El edificio, como era entonces, tenía el aspecto de una casa de verano, que llamaba la atención de cualquier extraño por su simplicidad o por la belleza de sus alrededores; por ello fue preciso hacer una serie de adiciones para convertirlo en una confortable residencia familiar. St. Aubert sentía un especial afecto por cada parte de la construcción que le recordaba su juventud, y no permitió que fuera quitada una sola piedra; de tal modo, que el nuevo edificio, adaptado al estilo del antiguo, formaba con él una residencia simple y elegante. El buen gusto de madame St. Aubert se ocupó de los interiores, en los que se observaba una casta simplicidad tanto en los muebles como en los ornamentos de las habitaciones, que definían las costumbres de sus habitantes.
La biblioteca ocupaba el lado oeste del castillo y fue enriquecida con una colección de los mejores libros en las lenguas antiguas y modernas. Esta habitación se abría a una arboleda, situada en un leve declive que caía hacia el río, y los altos árboles le daban una sombra melancólica y grata; mientras que desde las ventanas se podía admirar todo el paisaje del lado oeste y, hacia la izquierda, los tremendos precipicios de los Pirineos. Junto a la biblioteca había un gran invernadero, totalmente lleno de plantas de gran belleza y poco conocidas, porque una de las distracciones de St. Aubert era el estudio de la botánica. Para él era una fiesta, con su mente de naturalista, recorrer las montañas vecinas, a lo que con frecuencia dedicaba todo el día. Madame St. Aubert le acompañaba a veces en aquellas pequeñas excursiones y más a menudo su hija. Con una pequeña cesta recogían plantas, mientras que solían llevar otra con alguna bebida fría de las que no podían conseguir en las cabañas de los pastores. Pasaban así por los escenarios más románticos y magnificentes, sin que nada les distrajera de su trabajo. Llegaban a las rocas de difícil acceso con su entusiasmo, y cuando no alcanzaban sus objetivos, se entretenían entre las flores silvestres y las plantas aromáticas que brotaban en las rocas o nacían en la hierba.

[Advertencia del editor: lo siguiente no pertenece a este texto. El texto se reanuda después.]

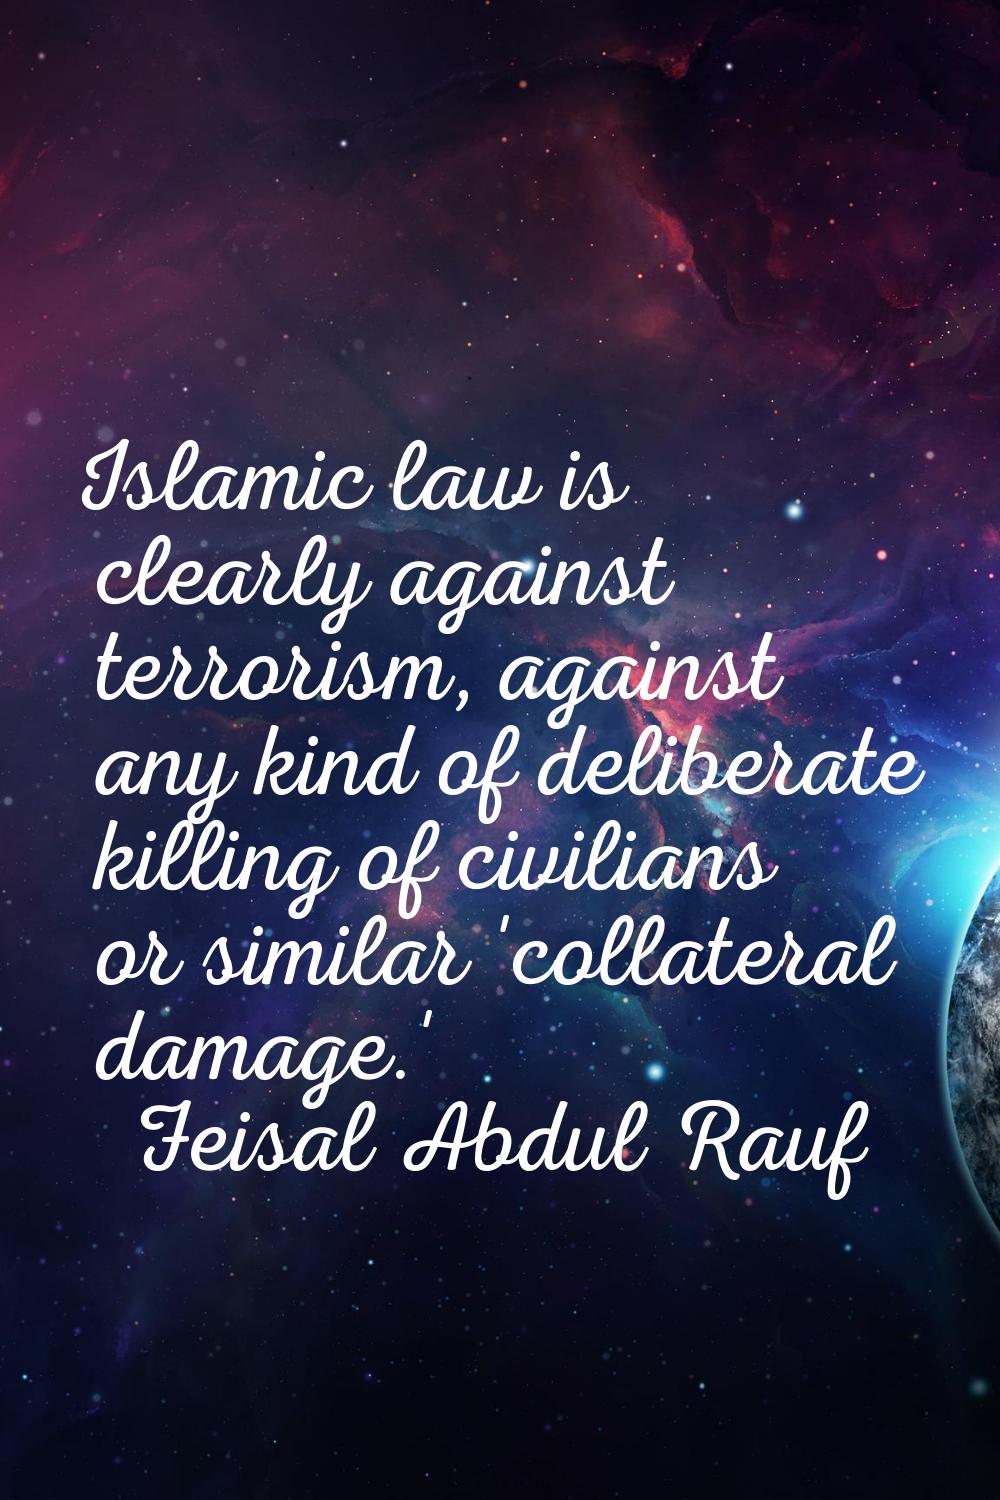 Islamic law is clearly against terrorism, against any kind of deliberate killing of civilians or si

Al lado del invernadero, por el lado este, mirando hacia las llanuras de Languedoc, había una habitación que Emily consideraba como suya y en la que tenía sus libros, sus dibujos, sus instrumentos musicales y algunas plantas y pájaros favoritos. En ella se ejercitaba habitualmente en las artes de la elegancia, que cultivaba sólo porque coincidían plenamente con sus gustos, y en las que su talento natural, asistido por las instrucciones de monsieur y madame St. Aubert, hacían que destacara. Las ventanas de esta habitación eran particularmente agradables; llegaban hasta el suelo y se abrían sobre la zona de césped que rodeaba la casa. La vista se recreaba en los almendros, las palmeras, fresnos y mirtos, hacia el lejano paisaje por el que corrían las aguas del Garona.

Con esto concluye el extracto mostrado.